Carlos, The One And Future Dracaena

 

Now, fantasy novels can be stand-alone stories or the beginnings of larger sagas or ongoing adventures. What is Perilous Times?

That remains to be seen. There are certainly more stories I want to tell about Kay and Lancelot and all the other characters. Unlike Merlin I can’t see into the future, so I’ll have to be annoyingly ambiguous about it for now.

Earlier I asked if Perilous Times was influenced by any movies, TV shows, or games. But to flip things around, do you think Perilous Times would work as a movie, show, or game?

I think it would make a great TV show, I’m excited to see what happens when we start auctioning the TV rights.

I can imagine it as a video game. One of the recurring themes of Perilous Times is that violence doesn’t really achieve anything, so playing as Kay and murdering waves of Saxons would sort of defeat the point.

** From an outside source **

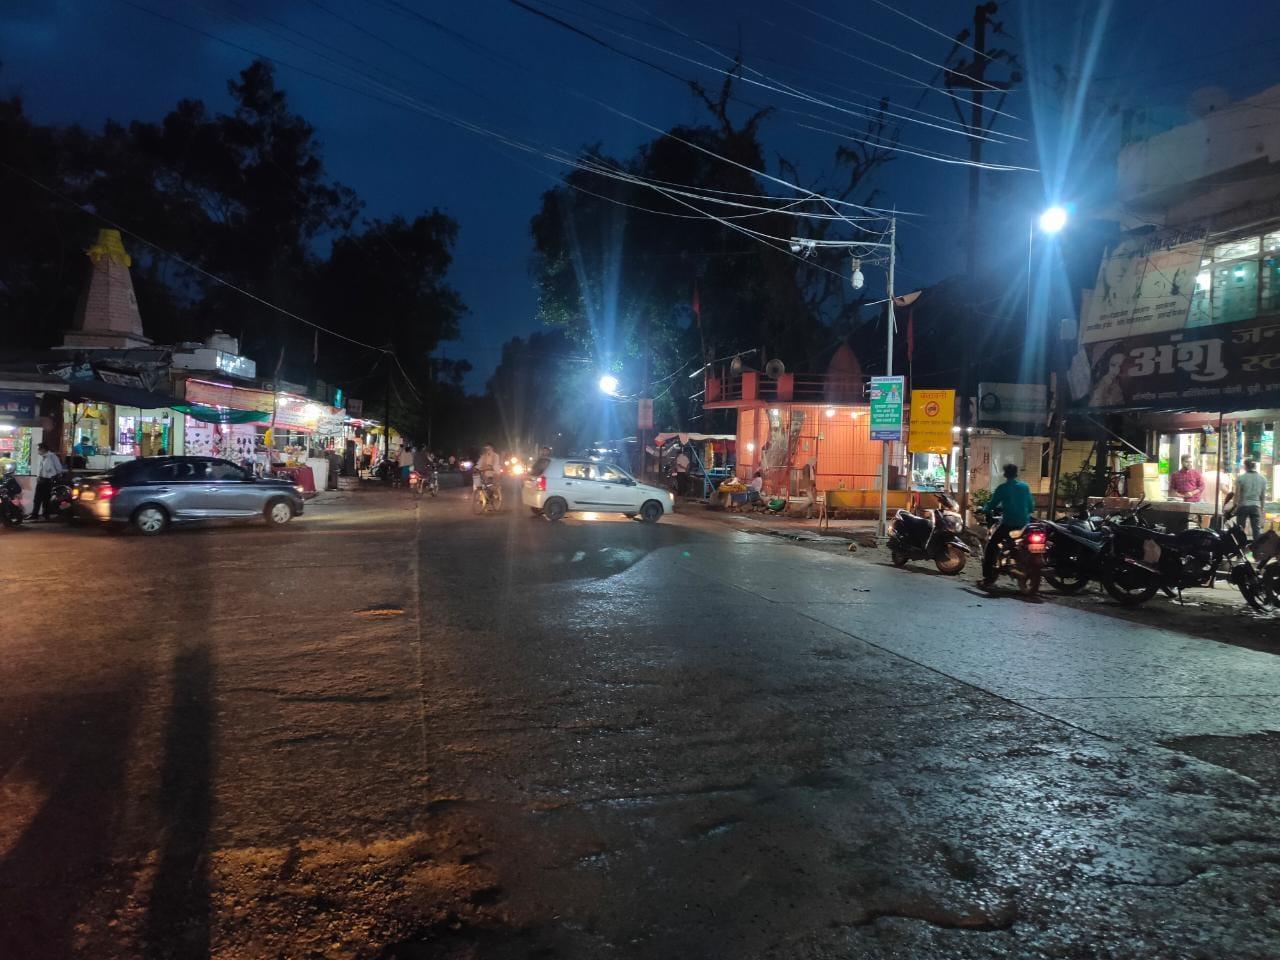 तीन दिन बाद शाम को शुरू बारिश, गर्मी व उमस से मिली राहत|होशंगाबाद,Hoshangabad - Dainik Bhaskar

But it’s a pity there aren’t any Arthurian video games, I’d love to see an open world game where you play as an Arthurian knight.

So, if someone wanted to adapt Perilous Times into a TV show, who would you want them to cast as Sir Kay and the other main characters, and why them and not John Cleese?

John Cleese might be a bit old for some of the action sequences now, but perhaps he’d surprise me. I have always, always, imagined Kay being played by Idris Elba; I practically wrote it for him. I rewatched Luther to make sure I captured his vocal mannerisms. So that would be my first choice. I’m not sure about Lancelot, because I sort of see him as a young Peter O’Toole in Lawrence Of Arabia. I wouldn’t accept anyone except Maxine Peak, for my version of Nimue. And Hugh Grant would be great as Marlowe, Lancelot’s handler, the silver fox immortal secret agent.

So, is there anything else you think people need to know about Perilous Times?

I’d like to talk about the character of Mariam, who is a young Muslim woman trying very hard to make the world a better place. She’s based on students who I worked with when I was a teaching assistant, one of whom complained to me once that there weren’t enough Muslim girls in fantasy novels. I might not have done a perfect job with representation, but I’ve tried to do the best job that I can, and I hope I’ve made people feel seen.

Perilous Times was a labor of love, it’s taken me many years to get it finished, to get it right, to get it edited. I hope people have fun reading it, I hope it makes people laugh.

Thomas D. Lee Perilous Times

Finally, if someone enjoys Perilous Times, what novel of someone else’s that’s also based on King Arthur and The Knights Of The Round Table would you suggest they check out?

God, there are so many out there, and they’re all so good. It’s wonderful to see the wild variety of things that people are doing with the motif of Arthur and his knights. I’ve already mentioned By Force Alone by Lavie Tidhar, which is another anti-Brexit novel; he’s written a wonderfully brutal and unromantic deconstruction of the whole legend, which is wickedly funny. Lex Croucher’s coming out with a YA book called Gwen And Art Are Not In Love, which I’m looking forward to reading. There are some great feminist retellings coming out soon, like Morgan Is My Name by Sophie Keetch or Queen Of None by Natania Barron…and of course you can go back to the classic retellings by T.H. White and Marion Zimmer Bradley. Or even further back, to Malory, Chretien de Troyes, Geoffrey of Monmouth — there can never be enough of them, in my opinion. And it’s not a competition, because Arthur belongs to everyone. Anyone can pick up Excalibur and use it to slay whatever dragon they’re trying to slay, and that’s the whole point of Arthur. I hope people are still writing about him in five hundred years.